The intervention was not always successful at increasing the target parameter within 3 hours of initiating treatment, and a very interesting post-hoc analysis is presented, which shows that the BP and BF group babies who never received intervention had very low rates of IVH, (3% vs 6%) but those who had a successful increase in their BF did better than those who had a failed application of the protocol (i.e. BF stayed low at 3 hours of intervention) whereas the low BP babies who continued to have a BP below GA at 3 hours of age did better than those in whom BP increased.

This obviously has to be interpreted with a great deal of care, but does suggest several possible interpretations.
This study helps in calculating sample sizes for future trials, 11 of the 39 IVHs occurred in babies who had no cardiovascular intervention. I don’t have any way of calculating how many of those babies had both normal BF and normal BP throughout the trial, but a baby who stayed above both thresholds throughout 72 would have had no change in management. If we guess that about 40-50% of babies will have no cardiovascular intervention regardless of which group they are in, and perhaps 25% of IVH occurs in those babies, then that impacts the numbers of babies required for a trial to show that intervention algorithm reduces IVH frequency. It is complicated, of course, because some babies with low BP will have normal flow, and vice versa.

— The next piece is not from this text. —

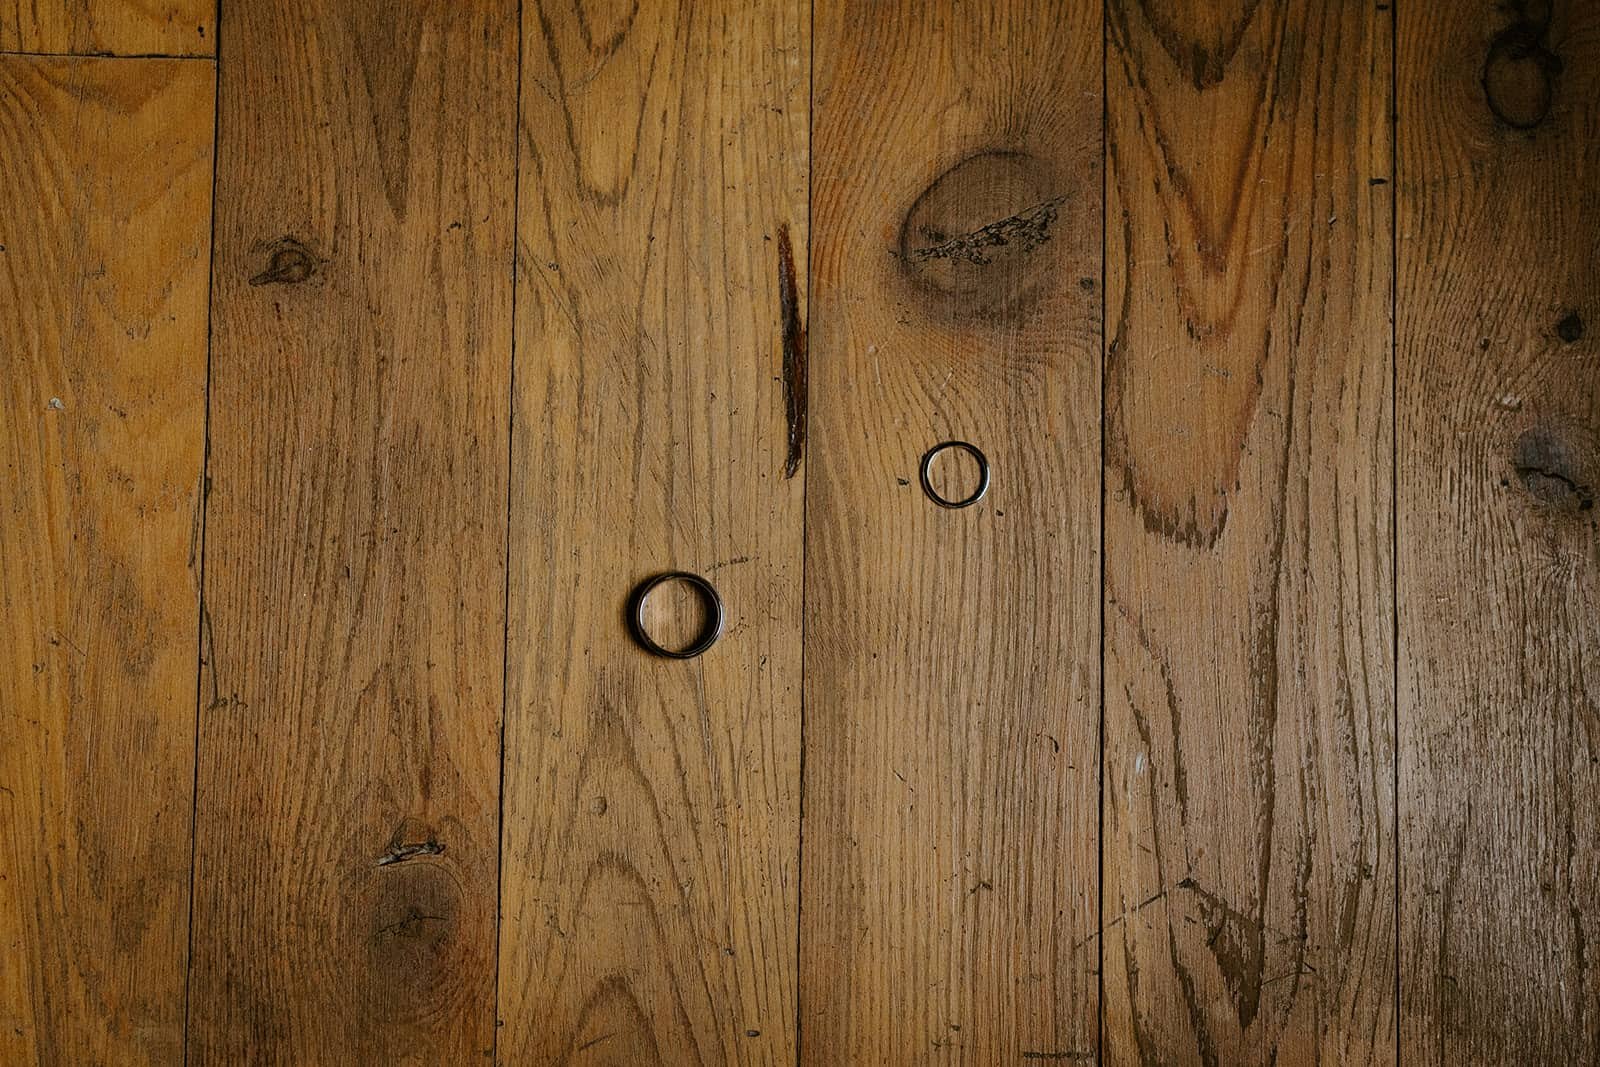 two rings sit on a wood floor
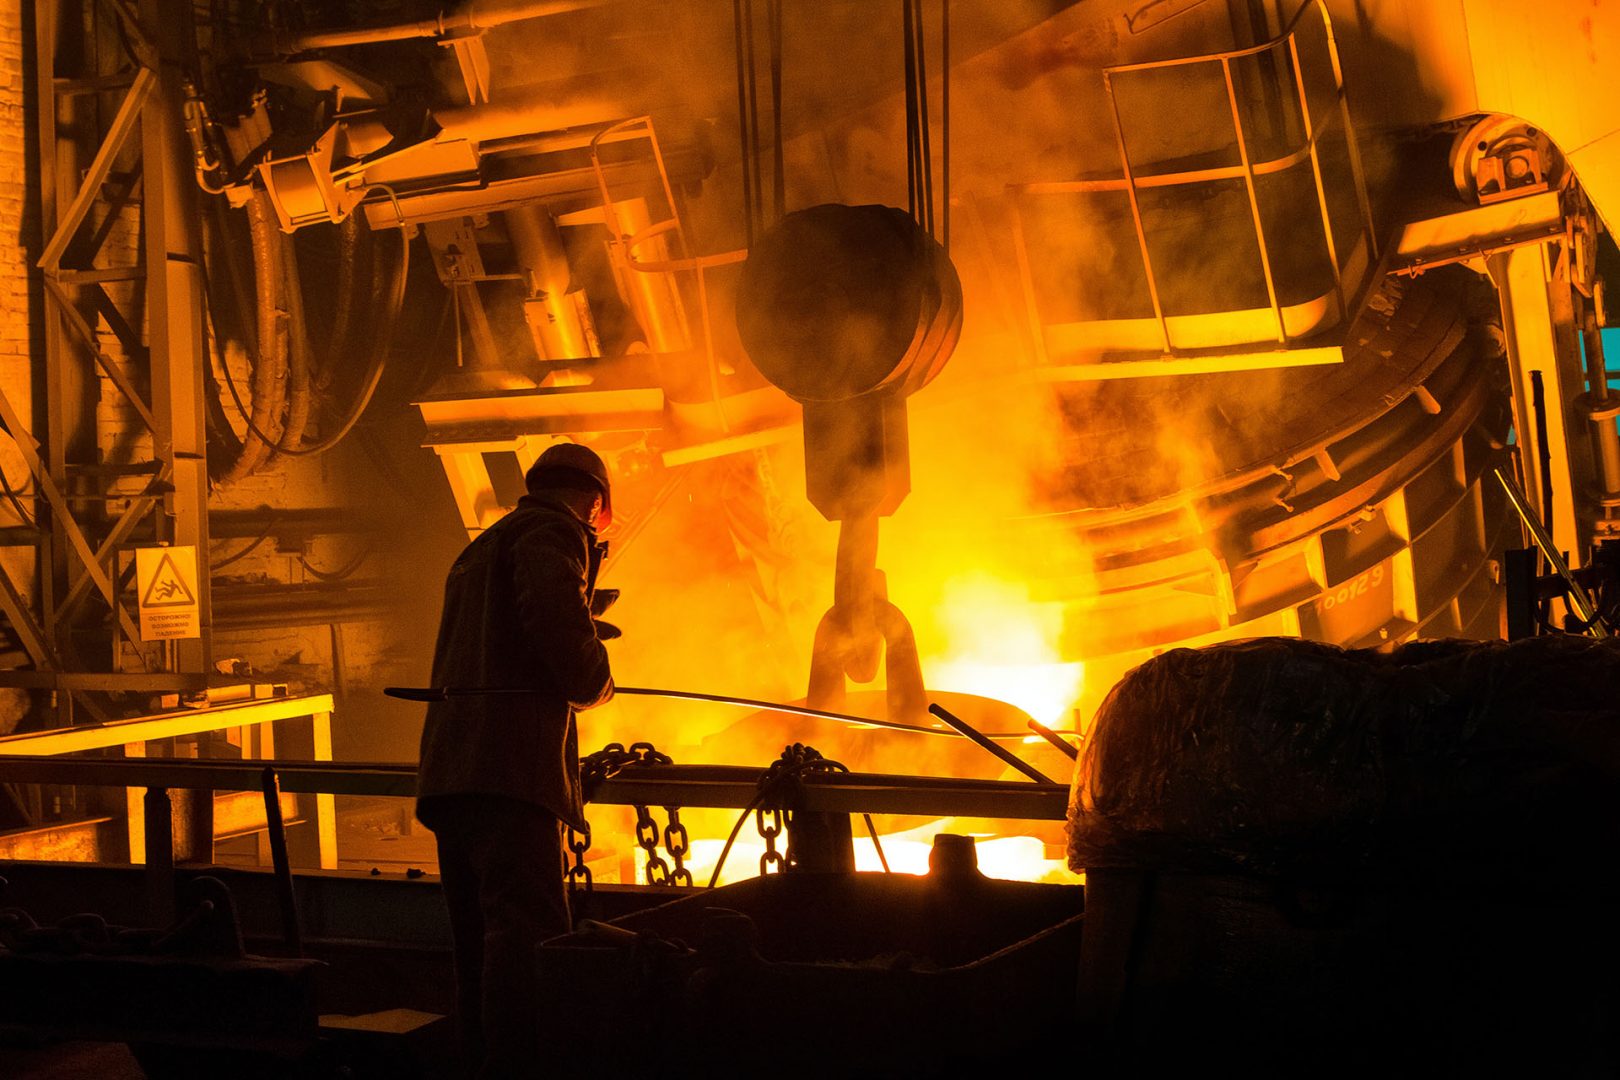 a guy pouring metals in a foundry setting

I think this trial is clearly not enough evidence for a universal change in practice, but it is strong evidence that we need to do more investigations of this way of managing cardiovascular support in the newborn. Refinement of the protocols, comparison with other indicators of perfusion (perhaps cerebral NIRS, perhaps perfusion index) and a larger sample size, or perhaps concentrating on the babies at highest risk, are needed to answer the vitally important questions posed by this study.
I wonder how well toe temperature would correlate with bloodflow measured this way
There are a few studies looking at toe temperature, or at least the difference between core and skin temperatures, they suggest that it might be a very useful early marker of late-onset sepsis.
I’m not sure how useful it would be as a measure of systemic perfusion, but is probably worth further investigation, especially as it doesn’t take any new equipment.